# Shimano Alfine SG-S501 integrated hub



## aemscor (Feb 14, 2021)

Hello,
I have a bike with Shimano Alfine SG-S501 hub with 8 speeds. It's keep slipping under load regardless of all the effort and maintenance I have carried out to fix it. I am thinking to change the hub to SG-S7000 8 speeds as adviced by:






Shimano Nexus and Alfine Eight Speed Internal-Gear Hubs


Installation and rebuilding instructions for Shimano Nexus and Alfine 8-speed internal-gear bicycle hubs



www.sheldonbrown.com





What I am thinking to do is to replace only the hub part so keep the SG-S501 shell and take the inner part and replace it with SG-S7000. will it possible? can you advice please? or will it required to change all the wheel? 
Thank you for your help,


----------



## an1mal (May 28, 2004)

Yes, you can swap the SG-S7000 internals into a SG-S501 (and vice-versa). You will need the matching cassette joint for the SG-S7000 as it's high-normal, the cable fixing bolt has the cable hole in the opposite direction, and the cable length (end-of-housing to cable fixing bolt) is different but the old shifter will work fine (the numbers will be backward).

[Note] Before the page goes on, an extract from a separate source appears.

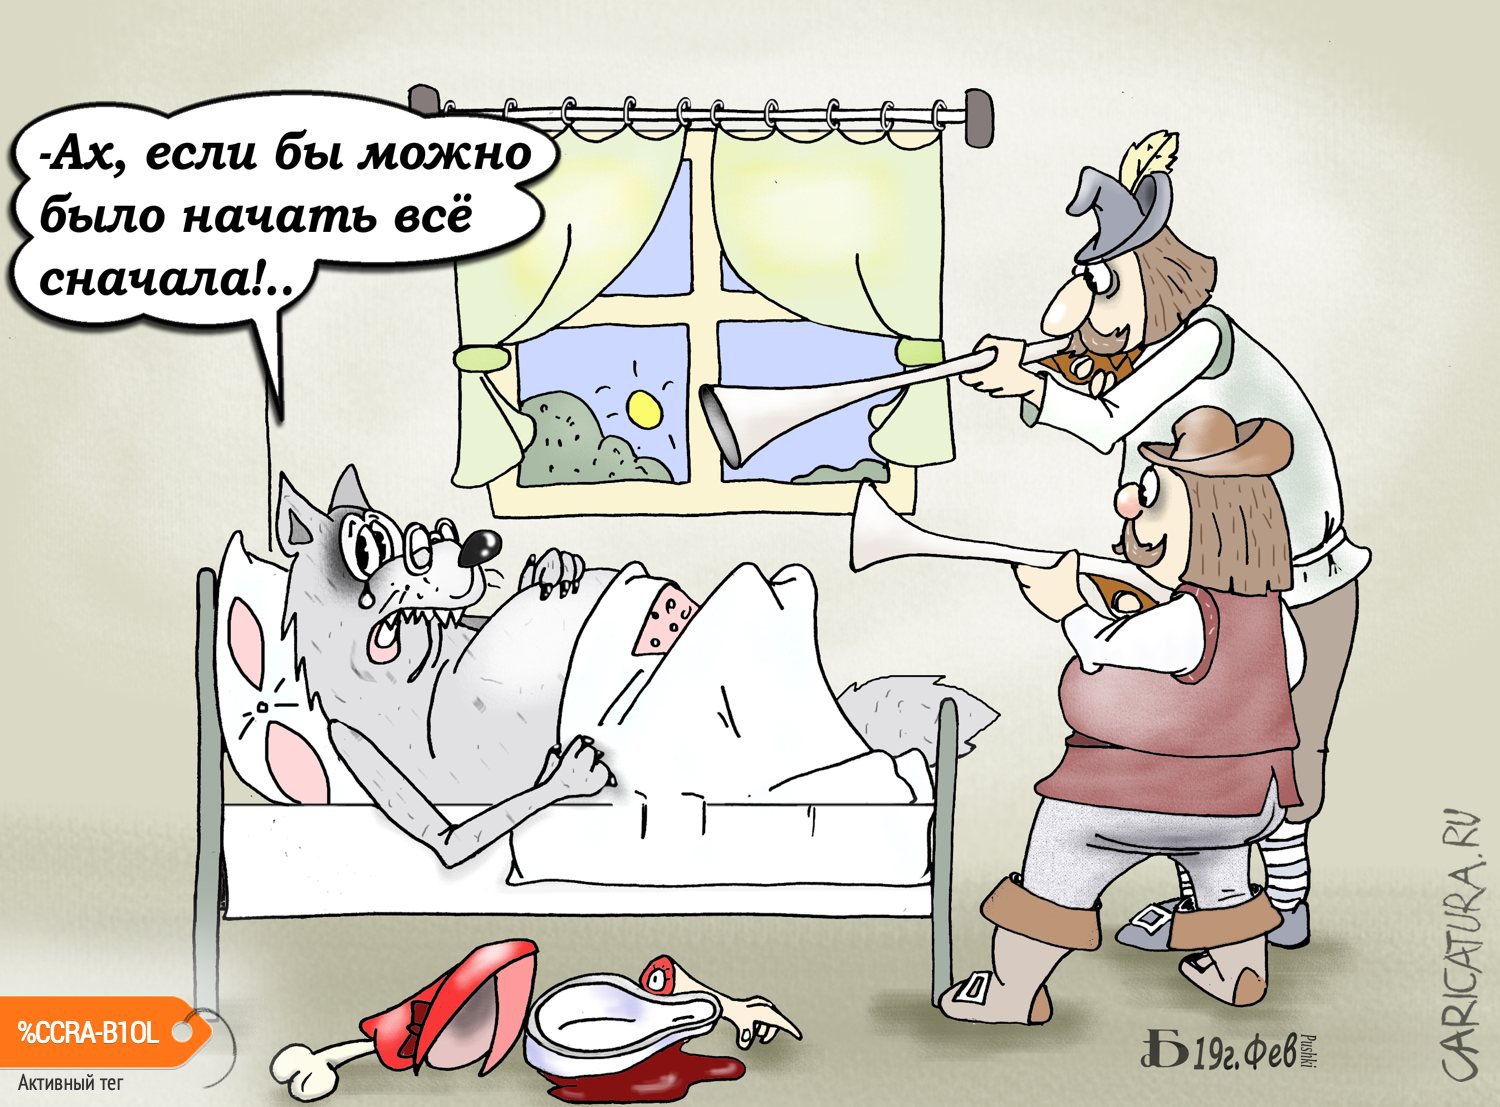 Карикатура "Про Волка и охотников", Борис Демин

I've done this swap myself as once you lace an Alfine hub into a wheel, it's easier to swap hubs. If i recall correctly, you have to pull the left cone and remove the large plastic seal on the drive side (left hand threads so rightie-loosie, you can usually get it if you have strong hands or you can resort to loosening using a rag in slip joint pliers). To pull the big seal, you will need to remove the cassette joint, the cog, and plastic snap on shields. The cassette joint is readily available and ~$15, look for SG-S7000-8. Not only is the cassette joint oriented differently, but the interface is slightly different so you can't install it on the wrong hub. You will also want a new shifter cable (they use standard ones) as the new cable fixing bolt will be spaced out a little further (when you remove your old one, there will be a kink in the cable - you can use the old cable if you go from a S7000 to a S501 as the cable length is shortened). Good opportunity to grease the bearings and make sure you get the bearing preload correct when you install the non-drive side cone - if the bearings are loose the hub won't shift well.


----------